Здесь следует провести различие между двумя позициями, в равной мере неверными. С одной стороны, с точки зрения собственно постмодернистского «цинического разума» и в духе предшествующих риторических вопросов, новые социальные движения являются просто результатом — сопутствующим и непосредственным — самого капитализма в его конечной стадии, свободной от любых ограничений. С другой стороны, с точки зрения радикально-либерального популизма такие движения всегда должны рассматриваться в качестве локальных побед, трудных достижений, завоеваний малых групп борцов (которые сами являются фигурами классовой борьбы в целом, как она определяла все институты истории, включая, конечно, и собственно капитализм).

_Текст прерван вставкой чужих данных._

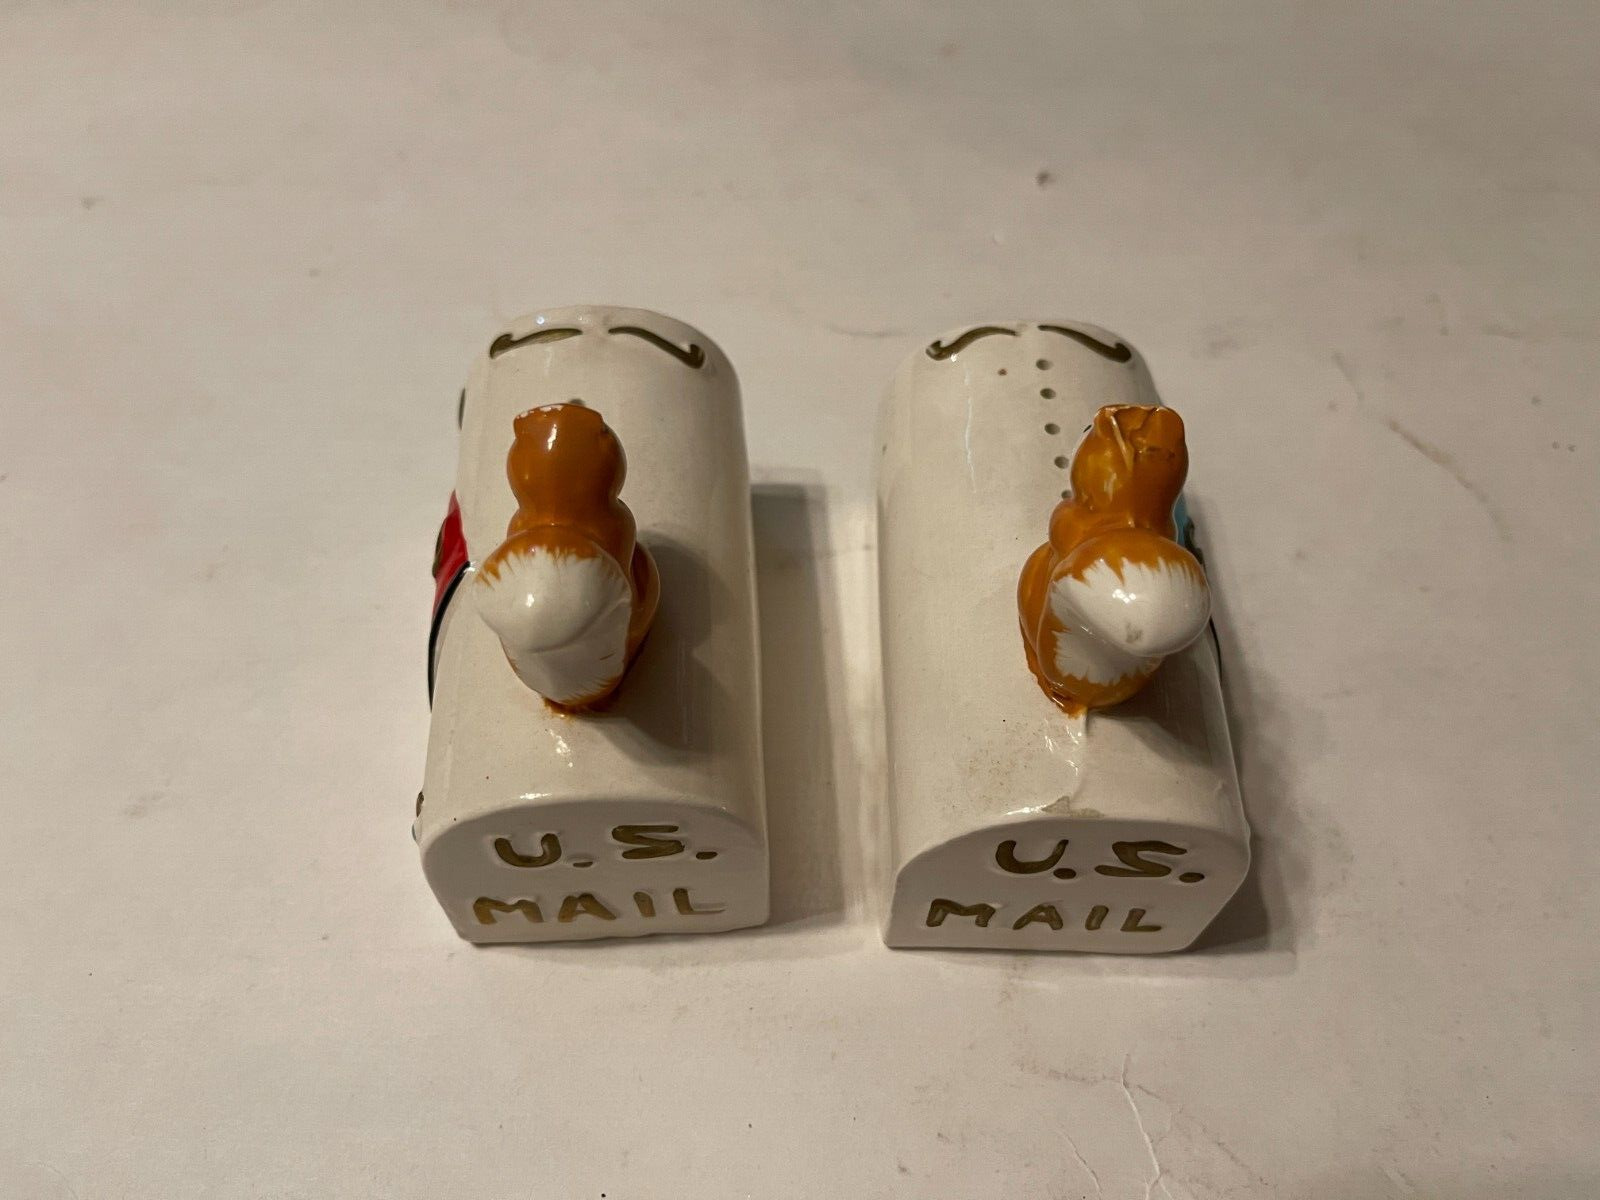 Vintage Salt Shakers US Mail Squirrels on Top japan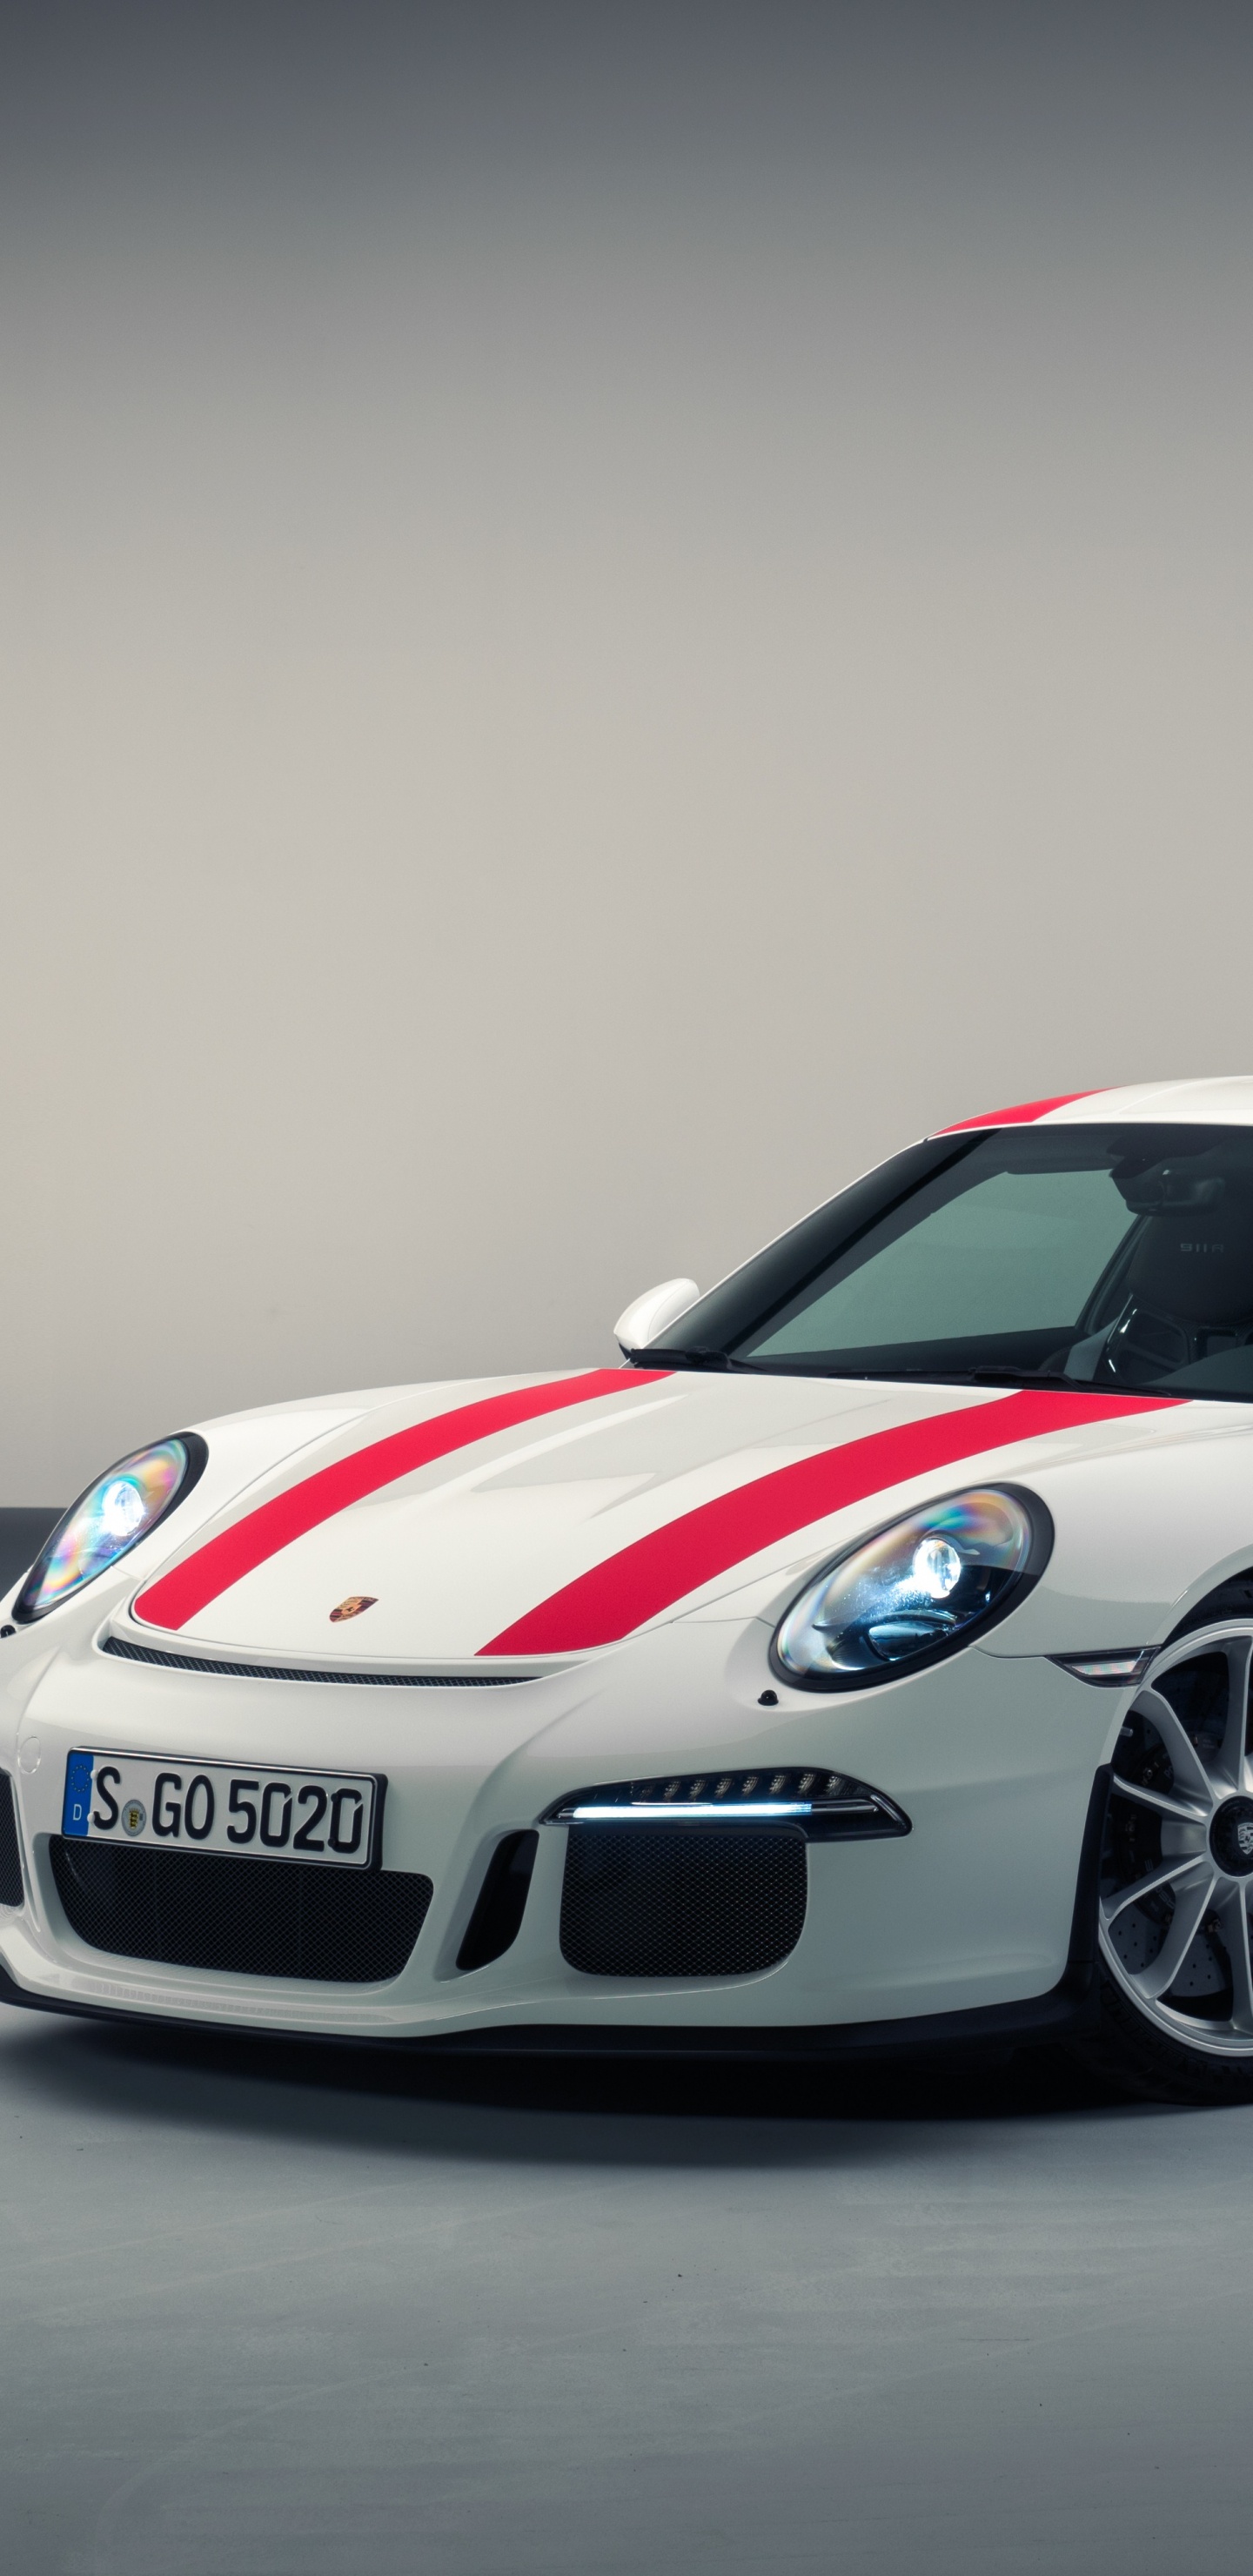 Porsche 911 Blanche et Rouge. Wallpaper in 1440x2960 Resolution

Короче говоря, если не слишком увлекаться деталями, не являются ли «новые социальные движения» следствиями и побочными эффектами позднего капитализма? Не являются ли они новыми единицами, порожденными самой системой в ее непрерывной внутренней самодифференциации и самовоспроизводстве? Или же они как раз таки являются новыми «историческими деятелями», которые возникают в ходе сопротивления системе в качестве формы противостояния ей, вынуждая ее двигаться в направлении, противоположном ее внутренней логике, то есть проводить реформы и внутренние изменения? Но это как раз и есть ложная оппозиция, о которой можно с равным правом сказать, что обе ее стороны верны; ключевой вопрос — это воспроизведенная в них обеих теоретическая дилемма, некоторого кажущегося объяснительного выбора между альтернативами агентности и системы. В действительности, однако, такого выбора нет, и оба объяснения или модели — совершенно не согласующиеся друг с другом — являются также совершенно несоизмеримыми и должны строго разделяться, но в то же время применяться одновременно.